Anyway, seeing as how I have nothing new to add here, I thought I'd repost a piece I wrote for an online magazine shortly after the attacks. Reading it again, the only thing that strikes me about what's changed are the particulars of my life, and how it continues to get so much more full on kind of a daily basis. Otherwise, not so much.

In memory of Doug and Doug.





Five years ago, I left New York City feeling chewed up and spit out by the only place I'd ever called home. I wasn't quite sure where I was going, either: I jumped on a train with a single suitcase and a laptop and headed for refuge at my dad's house in rural Iowa. Ten days later I was on a bus to Chicago to take a $450 apartment sight unseen, offered to me by the one person I knew there, who also happened to own a building – already a good sign, as far as I was concerned. Over the years in New York, the stories about people getting apartment deals had become almost mythic. But there was no such luck for me in the series of apartments I had lived in, all with escalating rents I could no longer pretend to afford. (The eviction notice under the door of my last apartment was a clue.)
I've built a life here that I never had in New York, largely because I can afford to live comfortably and write on a preschool teacher's salary. I have two bedrooms and giant windows and a porch overgrown with flowers. In my last apartment in New York I faced a dark courtyard and couldn't tell if it was sunny or snowing. I have new friends. People drop by. I know my neighbors. I am absolutely, incontrovertibly, in love with Chicago. I watch the El pass by under a sunset and it seems like the most beautiful thing I've ever seen. I go to the lake and look up at the skyline and can't believe I'm at the beach two blocks from Michigan Avenue. Sometimes, people I don't know say “Hi” to me on the street and I say “Hi” back. I feel like I'm home in a way I never did in New York, where I used to stare up at the buildings from the time I was six and think, “What the hell am I doing here?”

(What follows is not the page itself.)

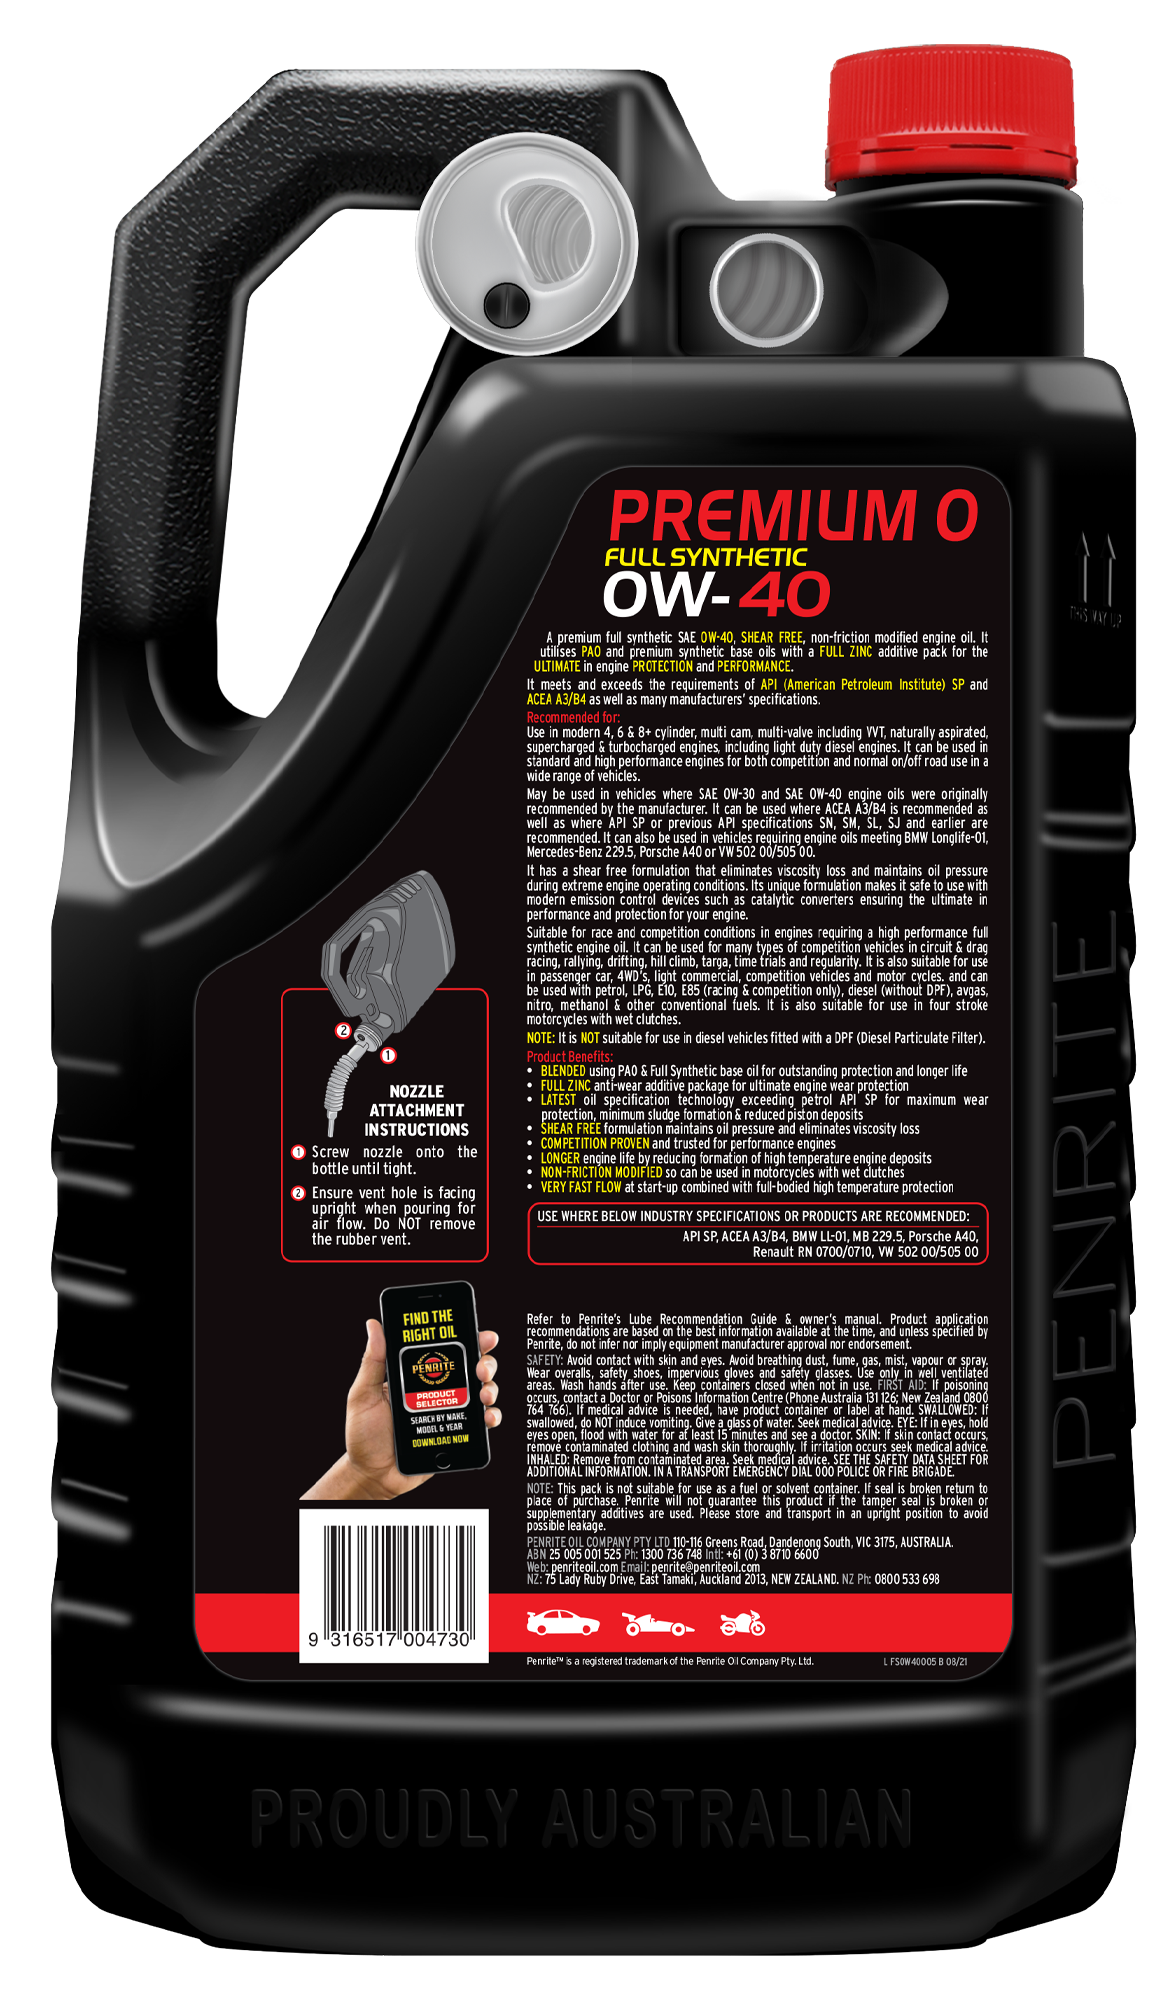 10 Tenth Premium 0W-40 (Full Synthetic) - Penrite | Universal Auto Spares

And yet, as I have said from the beginning, I am a New Yorker. I went to P.S. 166 and Columbia Prep. I learned to ride a bike on 89th and Broadway. On my first date I went to Serendipity's and a Peter Weir movie at the Plaza. I write stories that by and large take place in New York. Or that are about a New Yorker who lives in Chicago. (Someday, it's my plan to get an imagination.) I still have my New York driver's license, obtained at the elderly age of 25, because, you know, we don't need them there. I subscribe to the New York Times seven days a week. My two best friends, Nina and Bob, still live in New York, along with many other friends and my stepfather, who now lives in New Jersey. I have been back to New York roughly four times a year for one occasion or another: holidays, weddings, illnesses, funerals. To be honest, I have to say this has been roughly three times a year too many. The claustrophobia I felt right before I left has multiplied as the years go by. I spend more money in a week there than I do in a month here. I feel horribly torn among the friends and relatives I just don't have time to see, and the memories- good and bad- seem present on every corner: first kisses, dates I'd really rather forget, seeing Baryshnikov on my 17th birthday with Nina, shouting matches with my parents in front of Loew's 84th (they were right) the Macy's day parade rain or shine, Bil Baird puppets, the Nutcracker, movies at Radio City, skating at Wollman Rink, with my mom, now gone. It's sensory overload, and I usually have some sort of mental breakdown every time I go back. I keep trying to limit my trips and it never seems to happen.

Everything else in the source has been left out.